O grande Pontífice, Papa Leão XIII, disse que a Escritura é “uma carta outorgada pelo Pai celeste ao género humano viandante longe da sua pátria, e que os autores sagrados nos transmitiram” (Providentissimus Deus, nº 4). A Escritura deve, pois, assumir um lugar preponderante na nossa vida pessoal e na vida das nossas comunidades cristãs.

Todos aqueles que estão ao serviço da Palavra devem anunciá-la em todas as circunstâncias, sem respeito humano, sem jogos de conveniências, sem atenuarem a radicalidade da Palavra; e devem, também, preparar-se convenientemente, a fim de que a Palavra se torne atraente e chegue ao coração dos que a escutam.

Caros irmãos,

O modelo da oração de súplica é a de Jesus no Getsêmani: “Pai, se queres, afasta de mim esse cálice! Contudo, não seja feita a minha vontade, mas a tua” (cf. Lc 22,42). Aquele que crê não quer obrigar Deus a fazer a própria vontade, utilizá-lo para realizar seus desejos, mas obter a graça de conformar sua vontade à dele. Só ele sabe o que é verdadeiramente o nosso bem.

A oração de súplica, quando autêntica, é fonte límpida de energias para começarmos a fazer aquilo que pedimos. Orar pela paz leva a começar a empenhar-se pela paz; orar para que cessem os sofrimentos, leva a ajudá-lo quem sofre…

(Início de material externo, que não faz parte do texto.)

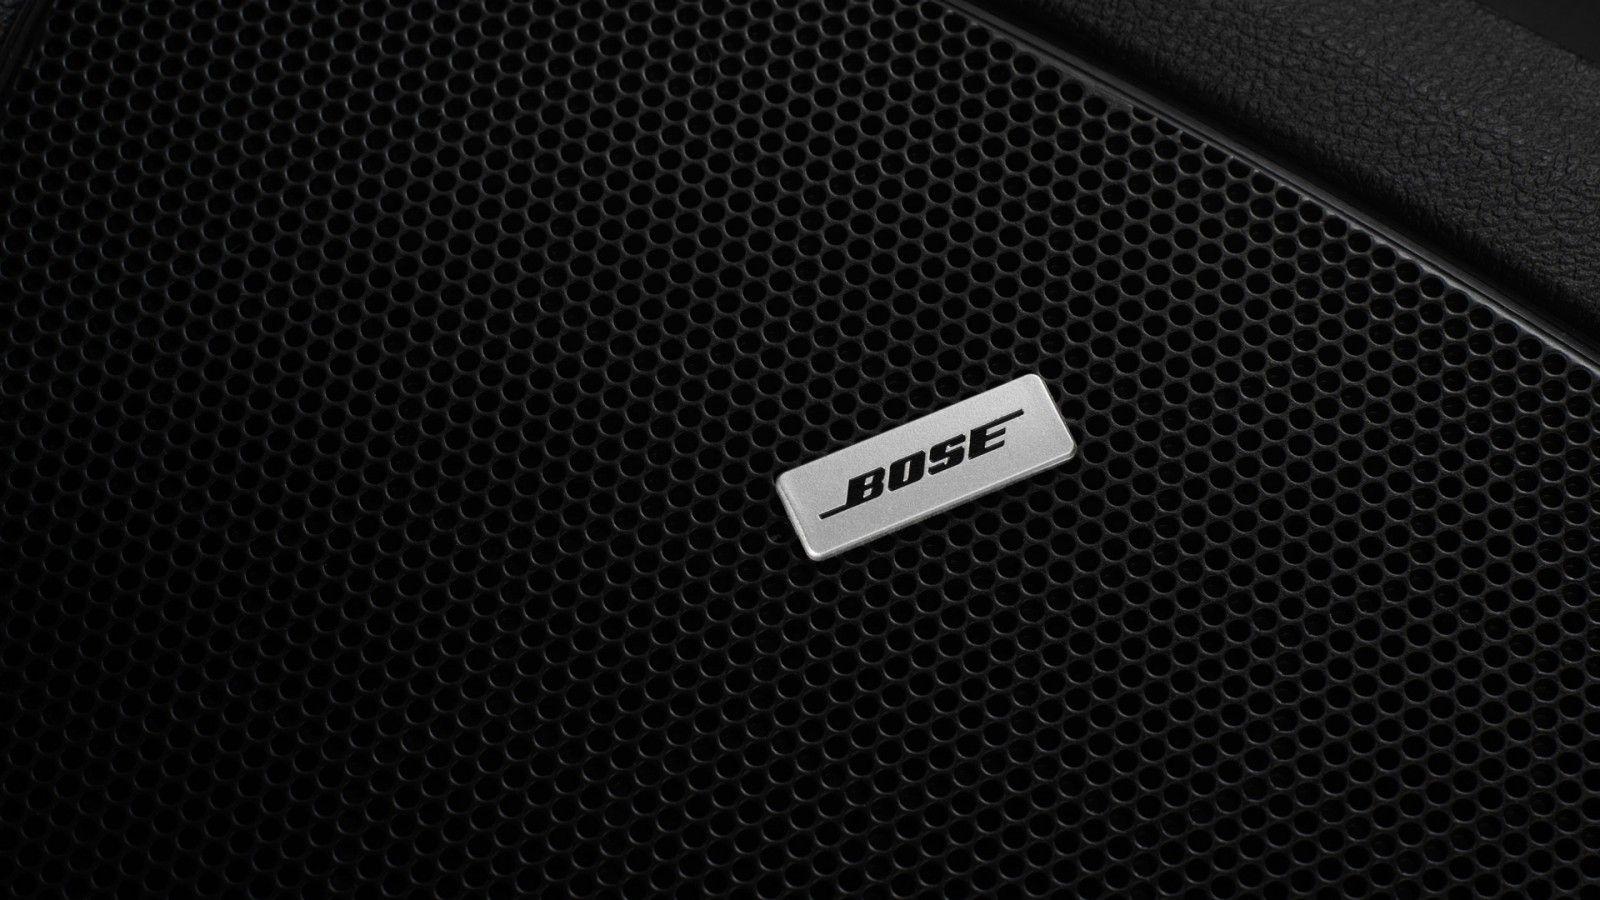 Top Chevy Bose System Output Wallpaper

Irmãos rezemos sempre e com muita fé! O homem deve ser solidário! O homem deve estar a serviço do próximo para torná-lo mais humano e mais divino, tanto no âmbito da secularidade, consagrando o mundo a Deus, como no âmbito da pastoral orgânica.  O homem que sofre poderá unir o seu sofrimento ao de Cristo para a salvação da humanidade. Não devemos separa a oração da vida e nem nos intimidar perante a calúnia, a queixa fácil. Porque confiando na misericórdia de Deus que venceu o mundo nós poderemos cantar colocando tudo “Em tuas mãos, Pai, amém!”.

 Homilia por: Padre Wagner Augusto Portugal.